È quasi mezzogiorno, a Piazza Municipio, sotto il sole di una primavera che arriva in anticipo come un regalo inaspettato, sono rimasta sola con i piccioni. I ragazzi con cui mi ero presentata e che con diffidenza avevano dato un occhiata al mio tesserino non ci sono più. Al loro posto ne arrivano altri. Si fermano, consultano i cellulari e ripartono. Alcuni si prendono una pausa e parlano fra loro, sempre in sella al motorino o alla bicicletta. Il tema caldo del momento sono le assunzioni annunciate da Just Eat. A partire da marzo oltre tremila rider diventeranno lavoratori dipendenti, a tempo determinato, indeterminato, full o part time. “Ovviamente a Milano – specifica Luca, cinquant'anni a dicembre con tre figli e moglie a carico, che arrotonda lo stipendio da operaio nel settore edile lavorando con Glovo e Uber e che sembra molto ben informato – Quanto ci scommetti che a Napoli saremo gli ultimi?”. Luca - che oggi ha più voglia di godersi la bella giornata che di lavorare – mi spiega perché fra i rider ci siano così poche donne. “Quello del rider è un lavoro pericoloso. Non solo perché sei sempre in mezzo alla strada e di corsa, sfiorando l'incidente almeno una decina di volte al giorno. Ma anche perché le rapine, gli scippi e i casi di violenza sono molto diffusi, specialmente in alcuni quartieri. Quando fai le consegne la sera e devi arrivare a Pianura, Piscinola, o sopra ai Quartieri ci pensi due volte prima di decidere se prenderteli o no 'sti quindici euro. Fra l'altro i rider non mangiano mai a casa perché il lavoro segue gli orari della ristorazione e, giusto o sbagliato che sia, si sa che la gestione dei figli e della casa ricade sempre sulla donna”.

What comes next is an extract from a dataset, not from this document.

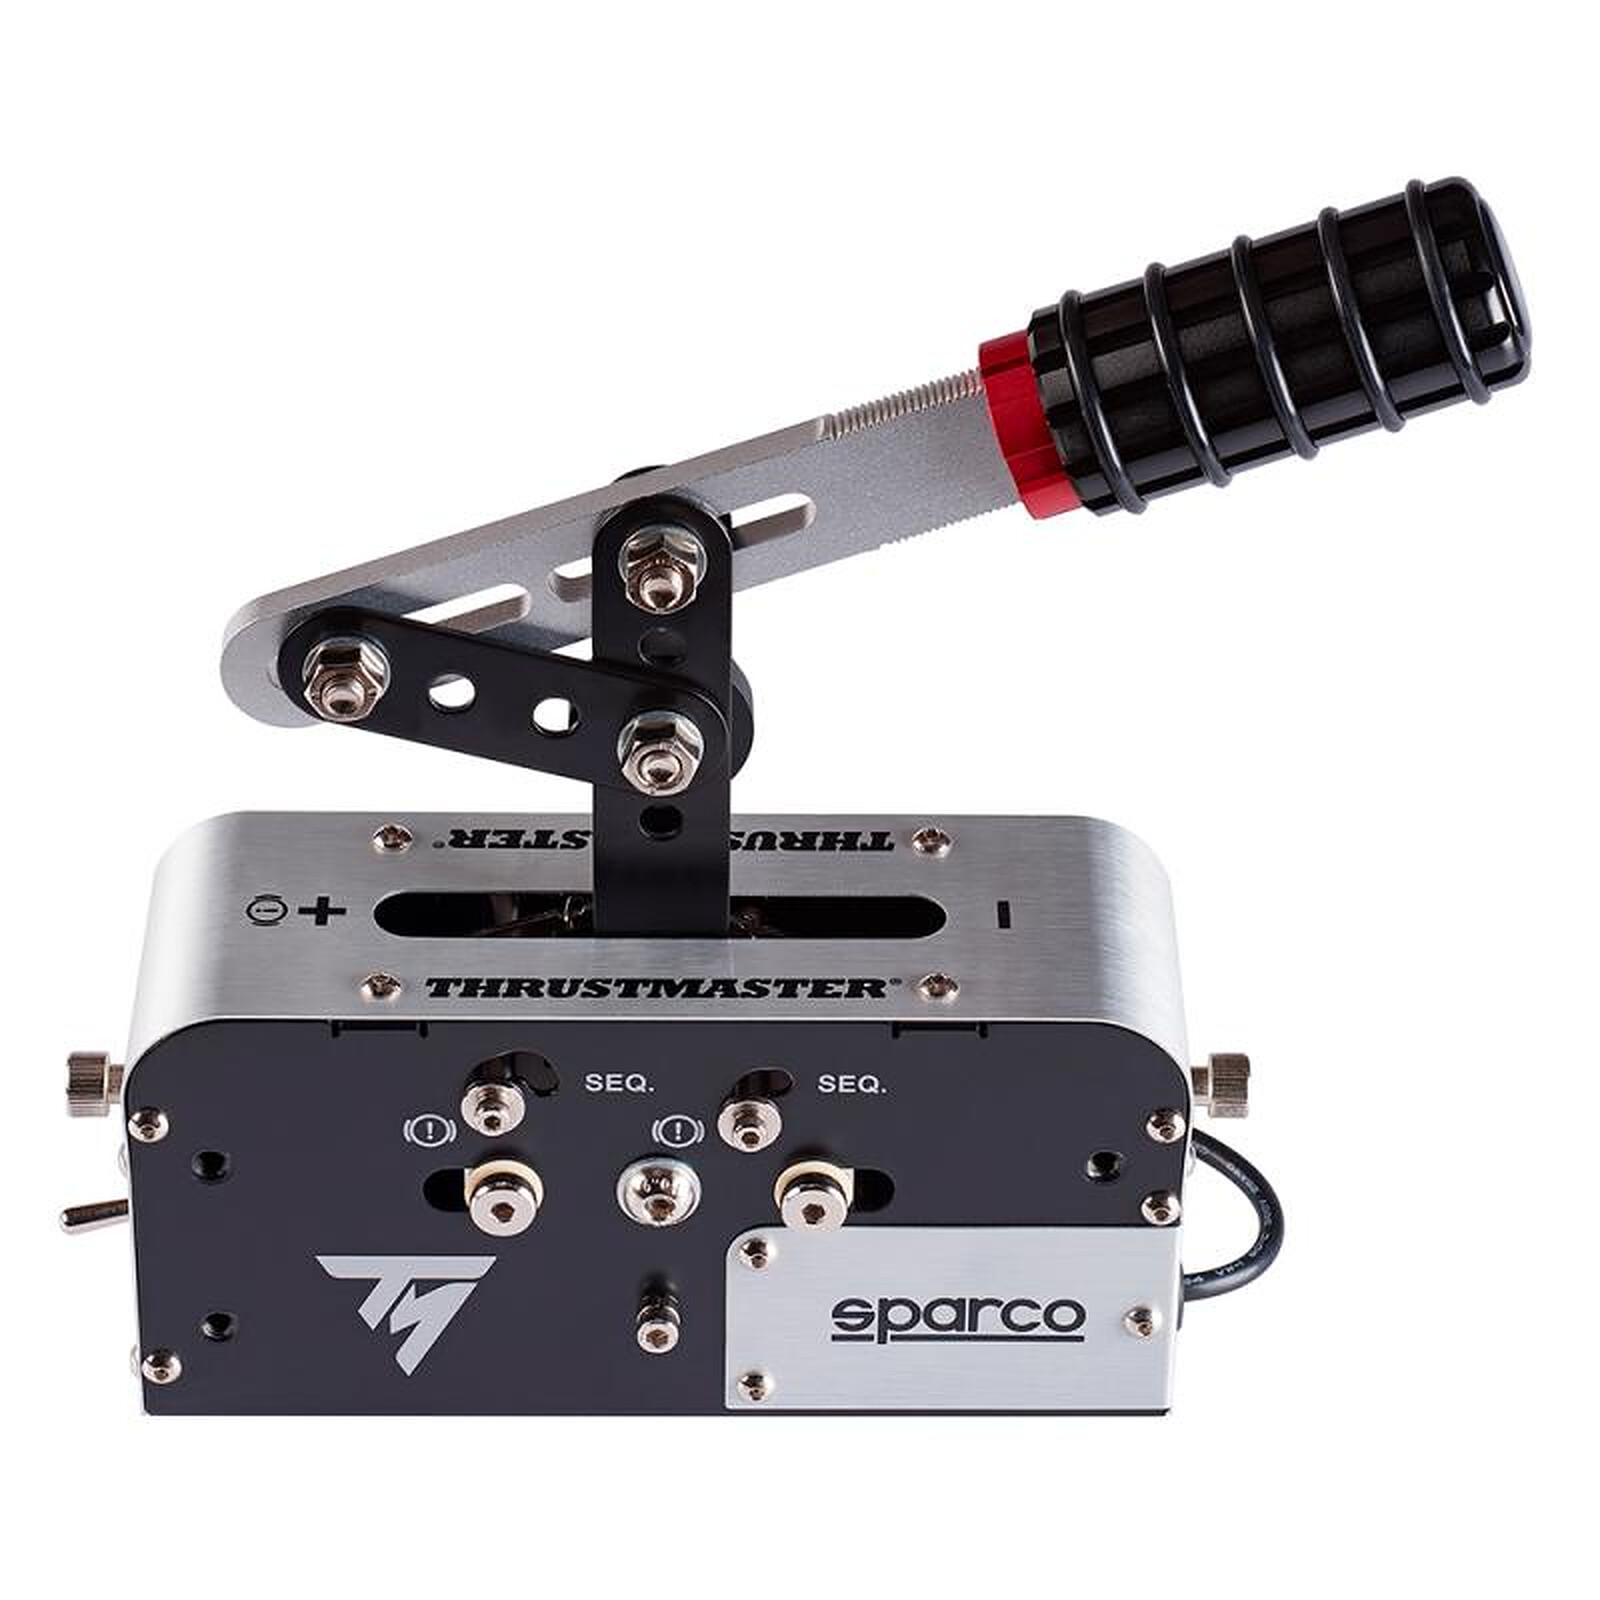 Thrustmaster TSS Handbrake Sparco Mod+ (4060107) - Achat Volant  Thrustmaster pour professionnels sur

La giornata lavorativa di un rider a tempo pieno si spezza a metà giornata per poi riprendere nella sua seconda parte, quella più “tosta”, in serata. E ricominciano le slot, le commesse che arrivano o non arrivano, le corse dalla piazza al ristorante, dal ristorante al cliente e poi daccapo. Lascio i ragazzi poco prima che inizino i turni serali. E mentre faccio ritorno a casa mi arriva un messaggio di Giovanni.
“ Maxi-indagine a Milano! Pare ci siano anche sei indagati fra i dirigenti di Uber, Just eat, Glovo e Deliveroo. Dicono che hanno l'obbligo di assumerci. I ragazzi qui dicono che è tutto merito tuo che ci hai portato fortuna. Devi tornare perché anche loro vogliono raccontarti la loro storia”.
Sono sessantamila i rider in tutta Italia. Sessantamila storie in giro per le strade della città, tutte uguali e tutte diverse. Domani Giovanni si alzerà come ogni giorno. Controllerà il meteo, metterà a fare il caffè, darà la sveglia ai bambini e controllerà la viabilità. Indosserà il suo zaino per fare il lavoro di tutti i giorni, ma non sarà come tutti i giorni.
Domani per i centauri contemporanei c'è un nuovo inizio.